|
|
Archives of the TeradataForum
Message Posted: Thu, 12 Jun 2008 @ 10:33:13 GMT
Subj: | | Re: Partial field comparison |
|
From: | | McLeod, Terry M |
This will work, with the exception that you shouldn't expect to match "dog" to "d_og" without doing some preliminary clean up as Martin
suggested in his email -- in which case "dog" can find "dog". As he suggests, this can be done on a separate table.

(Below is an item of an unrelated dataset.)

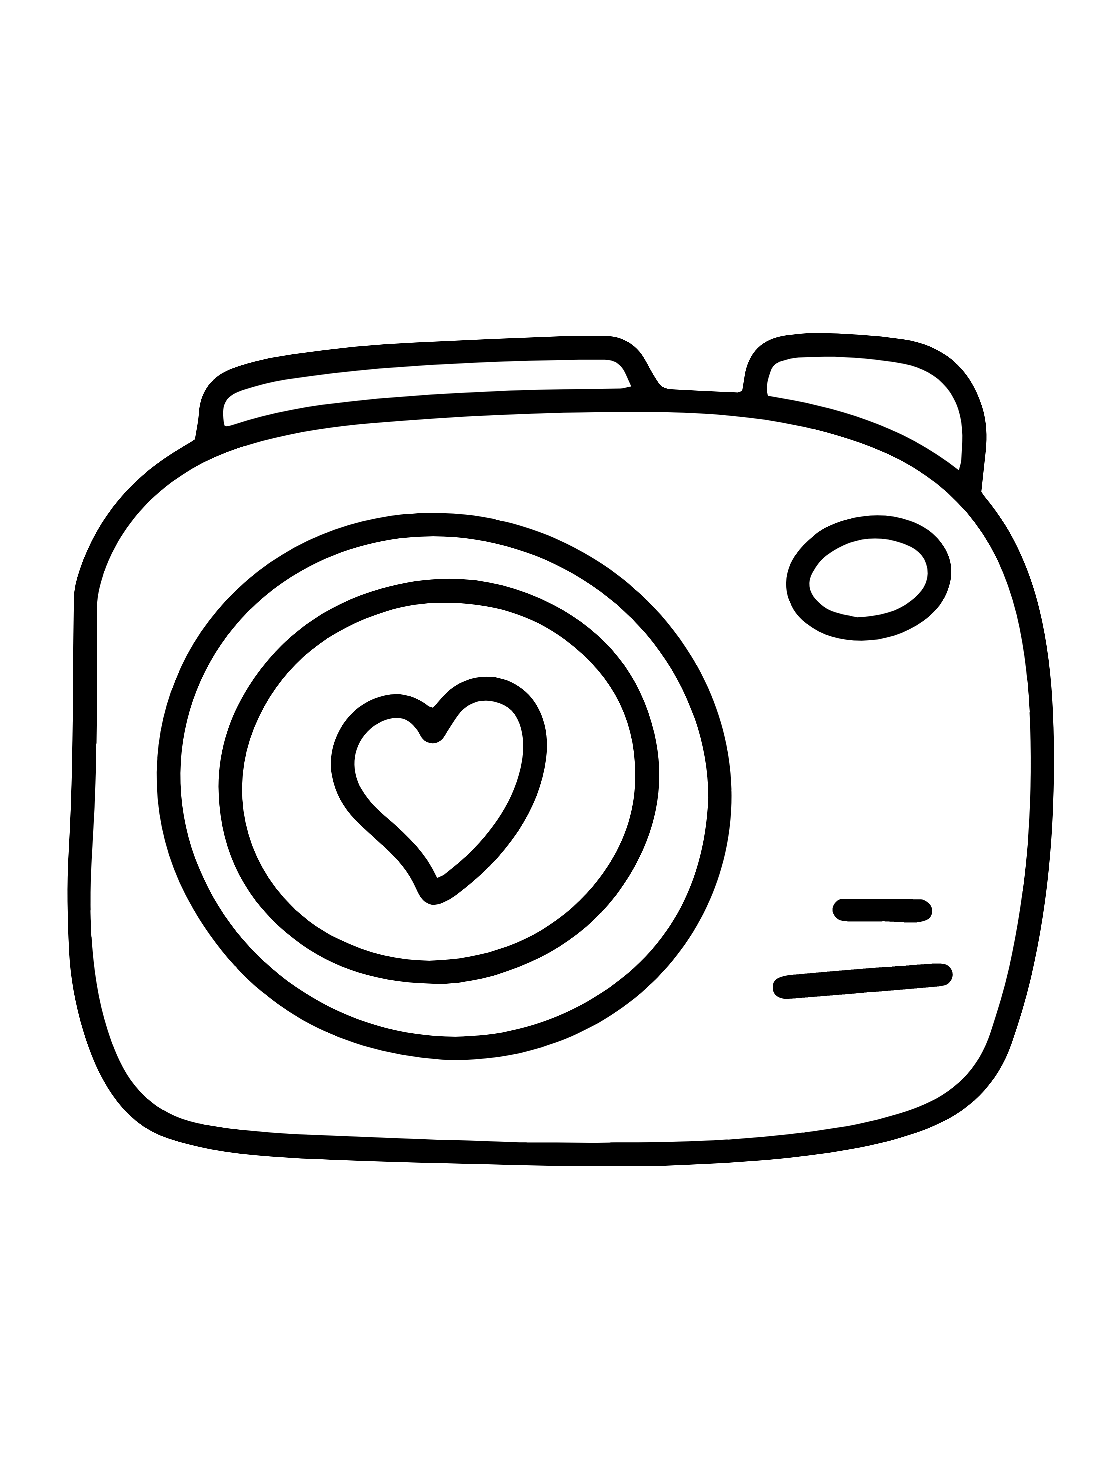 Sweet Camera Printable Coloring Pages

SELECT A.ANIMAL, A.COLOR, A.PETSTOREID, B.PETSTOREID, B.COMMENT1
FROM TABLE_A A
JOIN TABLE_B B
ON POSITION(TRIM(A.ANIMAL) IN B.COMMENT1) IS NOT NULL
AND POSITION(TRIM(A.ANIMAL) IN B.COMMENT1) > 0
AND POSITION(TRIM(A.COLOR) IN B.COMMENT1) IS NOT NULL
AND POSITION(TRIM(A.COLOR) IN B.COMMENT1) > 0
WHERE A.PETSTOREID <> B.PETSTOREID;
Performance-wise, I have no information for you, since I only worked with your sample data, which did not include full table information,
such as primary index information. You could ramp up some tests if you have space for sample data (i.e. pull over a couple 1000 recs from each
table and try that, then 10,000, etc.). I don't think you can get around this being all amp operation with big spools, since the two tables don't
have any columns in common on the rows that you want to see matched - hence there seems to be no way to make them amp local.
Hope this will be of some help.
By the way, although if the animal and color columns on table_a are defined as VARCHAR, you needn't trim in the query, you may want to anyway
since if someone entered an explict couple of leading spaces, for example, in one of those columns, then it wouldn't be found in a comment that
did not have those spaces. Also note that the "not null" is in case either of the two columns used by the function is null. If that's not
possible (due to NOT NULL on both columns on their respective tables) then you could drop the not null check.
Terry M. McLeod
TERADATA Professional Services, Retail - West
| |